The Importance of Health Insurance

Bruised forearm
Yes, this is actually my forearm.

Thank heavens we have great health insurance from Mr. Saver’s employer, because we’ve really been putting it to great use.

I have an autoimmune disease called Hashimoto’s thyroiditis, which manifests itself with symptoms of fatigue, cold intolerance, hair falling out, dry skin, modest weight gain, decreased concentration and ridged, brittle fingernails. It’s not just hypothyroidism — simple bloodwork shows if you have specific elevated antibodies to confirm the autoimmune disease diagnosis. I manage the condition with Synthroid, a synthetic hormone that replaces TSH, or thyroid-stimulating hormone.

I should have known something was amiss from my slow but steady weight gain over the past 6 months or so — which became so bothersome that I joined a gym down the street from my office. One visit to the endocrinologist, considered a specialist?
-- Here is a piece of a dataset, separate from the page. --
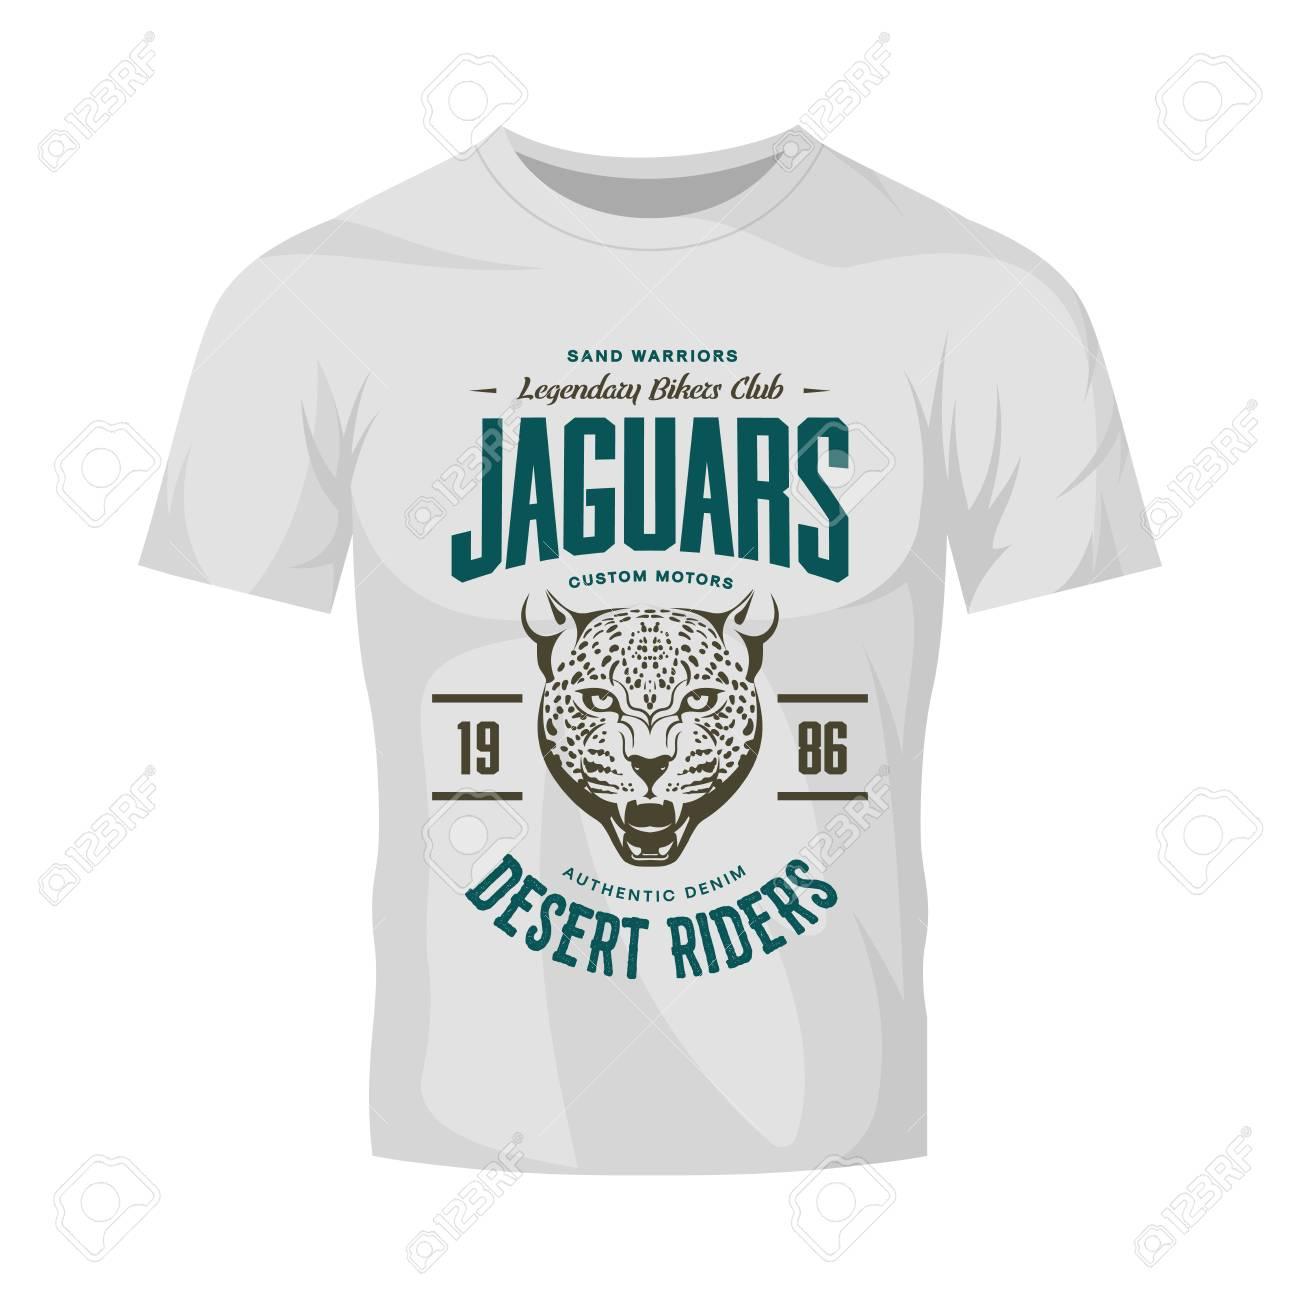 new arrival quality and quantity assured 2019 authentic Vintage furious jaguar custom moto club logo on white t-shirt..

That’s a $40 co-pay. A new prescription to increase the dosage? $25. Getting bloodwork and going back 6 weeks later to check whether it’s the correct dose of Synthroid? Another $40.

I’m also having another issue that necessitates me seeing a specialist 3-4 a month. It’s nothing life-threatening, but it’s something that does require treatment. So each of those trips is $40. Not to mention some medication that is costing about $130/month.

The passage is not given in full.